Random Presents: Brett Dennen with Special Guests: Lily and Madeleine

Tickets: $35 General Admission - seats will be removed down front for dancing

As common and simple as it is, “por favor” is such an evocative expression.
From Spanish, it translates to “please,” a word that suggests a need for something, a desire to make a change. “‘Por favor’ was something I kept saying every day in the studio, and I got the other musicians saying it,” says Brett Dennen. “We were goofing around, and Dave Cobb, my producer, said it should be the title of my new record. I laughed it off at first, but then I really thought about it.” “When you say please, you’re asking something to come into your life,” Dennen adds. “It might mean that you’re weak and need something to make you strong.
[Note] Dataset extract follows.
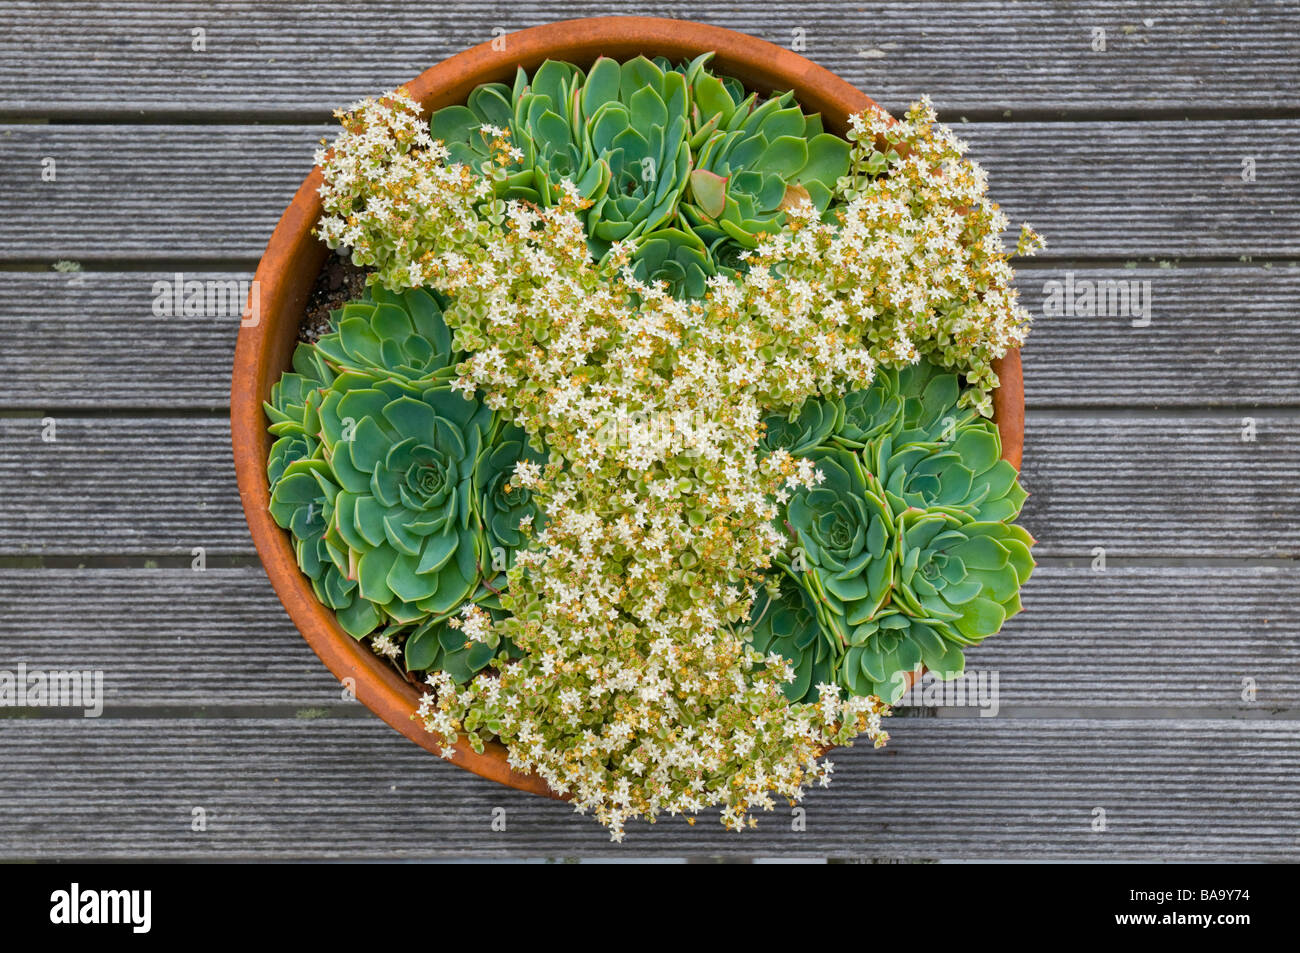 Chambre poireaux et marginalia crassula minuta Albamarginata les succulentes disposées en pot en terre cuite motif Banque D'Images

But you’re admitting to some sort of weakness or some form of humility.”

That notion is at the heart of “Por Favor,” Dennen’s intimate and revealing new album that Elektra Records will release on May 20. Produced by Cobb, fresh from his Grammy winning work with Chris Stapleton and Jason Isbell, the record strips Dennen to his core as a songwriter with nothing to hide. “All these songs came from a time of sadness for lots of different reasons. They came at a point when I wasn’t feeling confident about myself,” he says. “When I’m not feeling confident, I’m not a nice person to be around. I don’t take care of my health, my relationships, my stuff, and it all cycles into a miserable place. And I have a really hard time admitting that I’m in that place.”

A followup to 2013’s “Smoke and Mirrors,” his sixth studio album dives deep into loneliness, loss, and love and all its side effects. It’s the sound of an artist working through his insecurities in song, and thereby letting go of them. But it’s by no means a sad affair, nor is it the “rainy-day record” Dennen initially thought he was making. Often framed by uplifting choruses and bright acoustic arrangements, these songs brim with optimism, the palpable sense that the tide is turning. “And I want to love you for the way you are/ Not the way I am/ So let’s go now/ Back to the bonfire where we began,” he sings over a chugging groove on “Bonfire.”